Stanford Center for Optic Disc Drusen hosts its first in-person symposium

Pictured (L to R): Joyce Liao, MD, PhD, Lea Lykkebirk, MD, Steffen Hamann, MD, PhD, Heather Moss, MD, PhD.

JOYCE LIAO, MD, PhD, professor of ophthalmology and neurology, is devoted to treating patients with optic disc drusen (ODD), a condition that affects the optic nerve and vision. While it is a disease almost as prevalent as glaucoma, there is still much unknown about the disease and how to prevent or treat resulting vision loss.

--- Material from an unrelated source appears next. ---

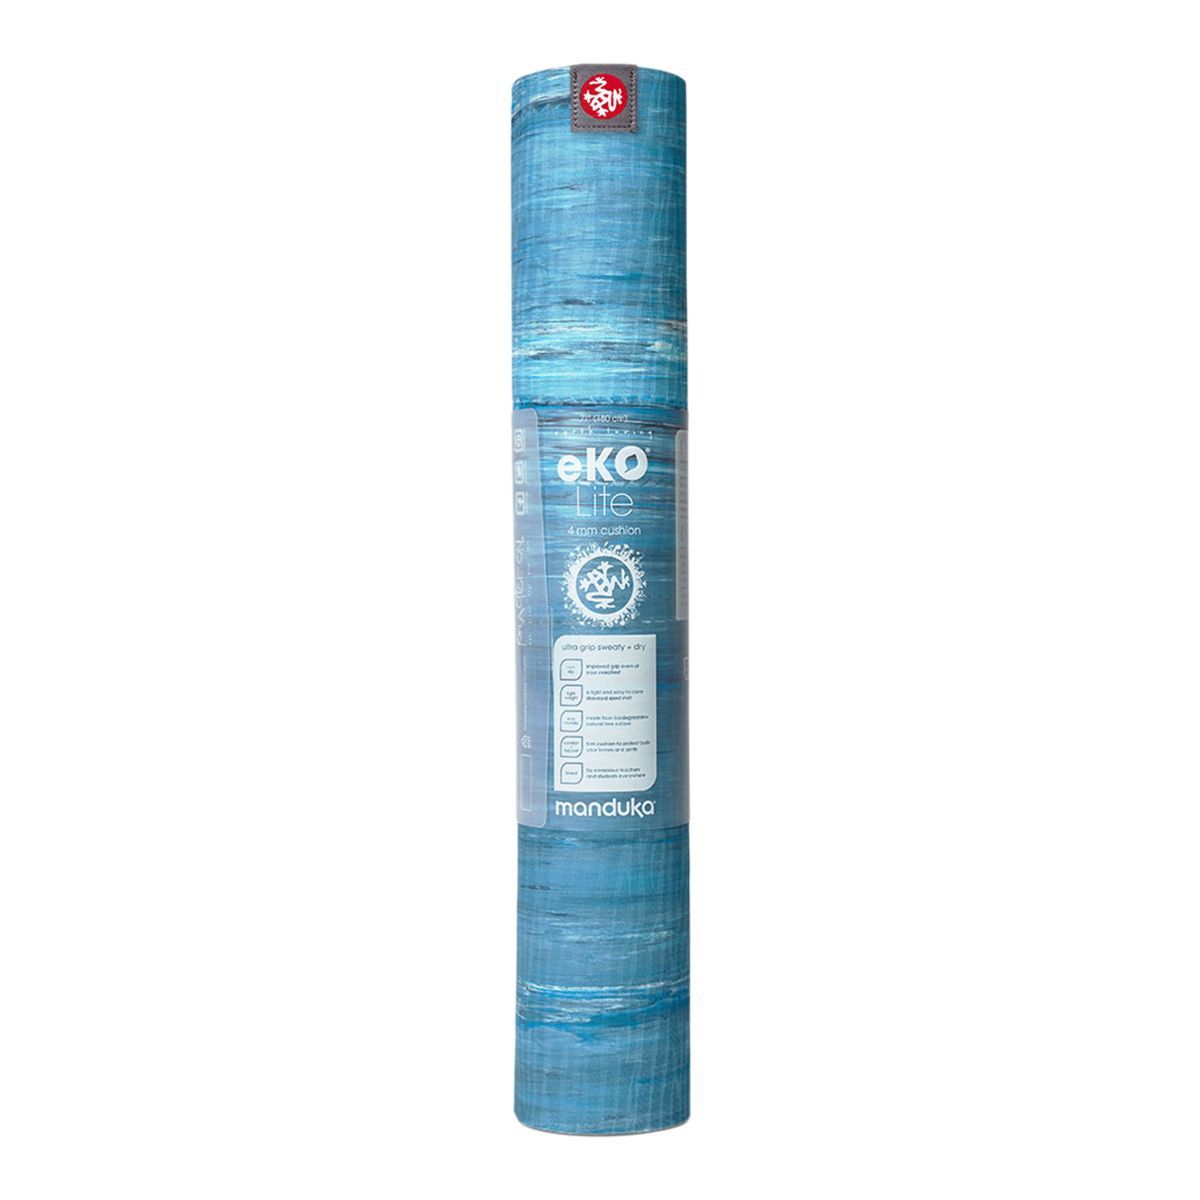 Manduka eKO Lite Yoga Mat, 4mm, Natural Rubber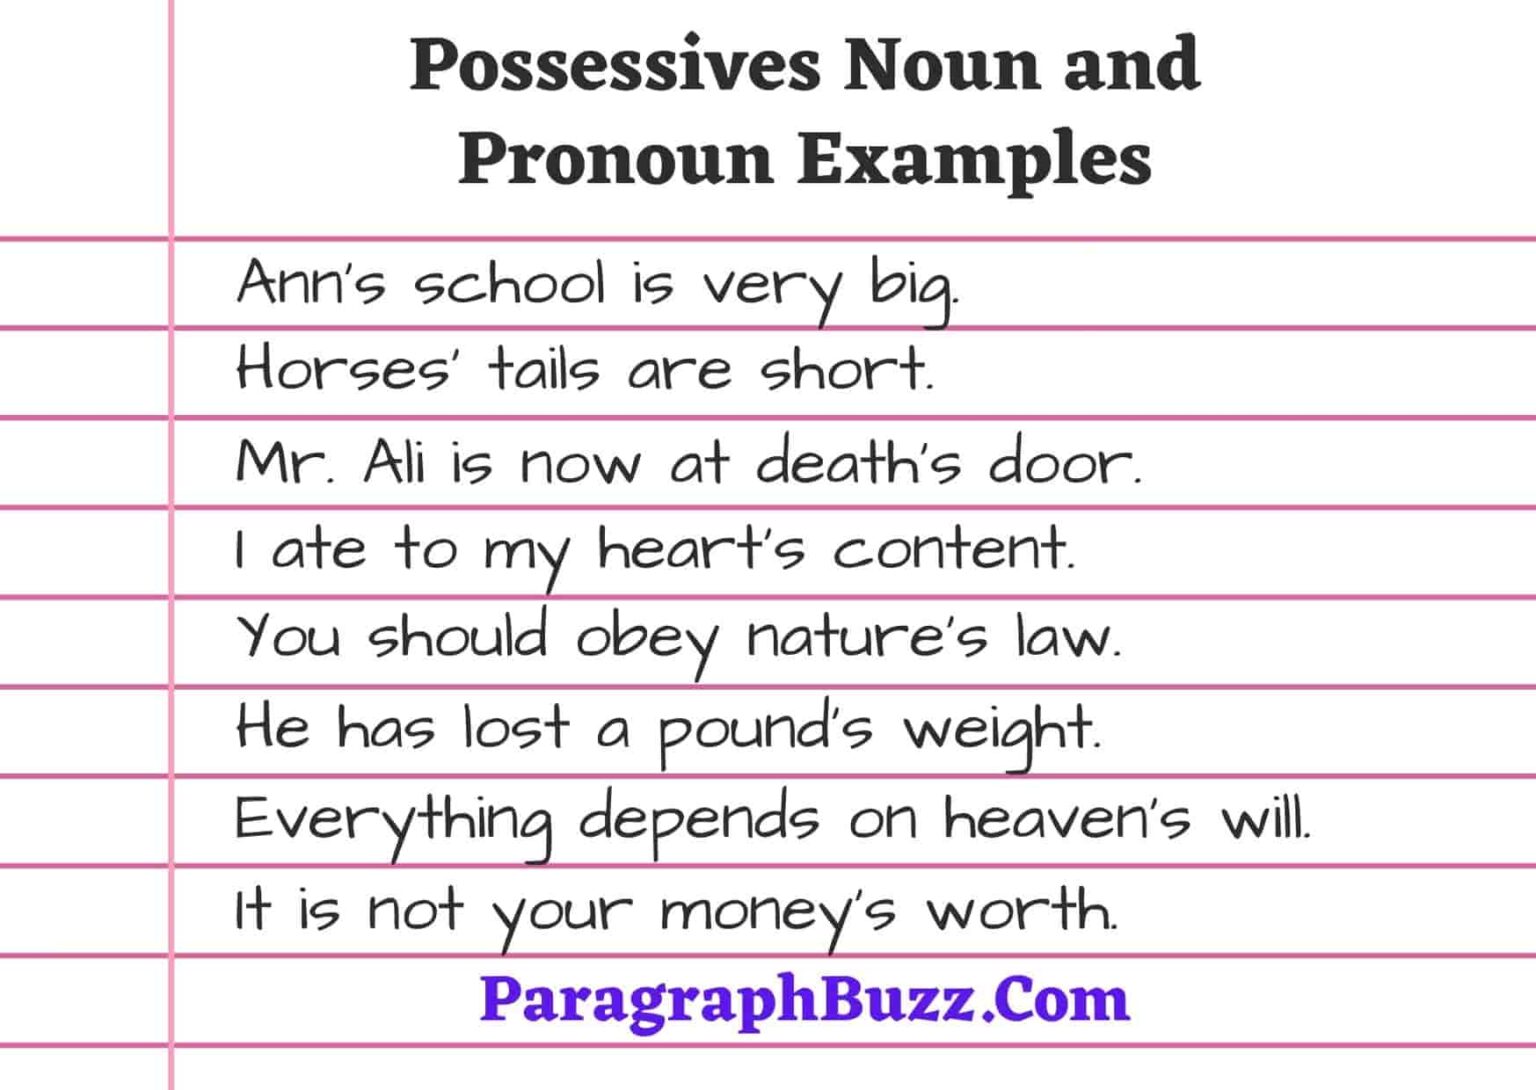 Noun pronoun. But for Noun/pronoun примеры. Noun pronoun example. Sentences for possessive pronouns.

In ODD, calcium-containing deposits at the optic nerve head are associated with damaged optic nerve axons. Affecting 2% of the general population, ODD can lead to both progressive or sudden irreversible vision loss.

With no current cure for ODD, Liao knew that more needed to be done, and in 2019 that need was met when a visionary donor provided a significant gift to establish the Stanford Center for Optic Disc Drusen at the Byers Eye Institute.

With a goal of uniting ODD researchers from around the world in this quest, Liao, with her faculty and staff collaborators from Stanford and other institutions, held two first-of-their-kind ODD conferences virtually due to the COVID-19 pandemic. The conferences have provided new opportunities for clinicians and scientists to share their laboratory and clinical findings, discover breakthroughs in translational research, and also educate the public about the state of ODD research. This year, the international conference was finally able to allow in-person attendance, though it was still held in a hybrid format. 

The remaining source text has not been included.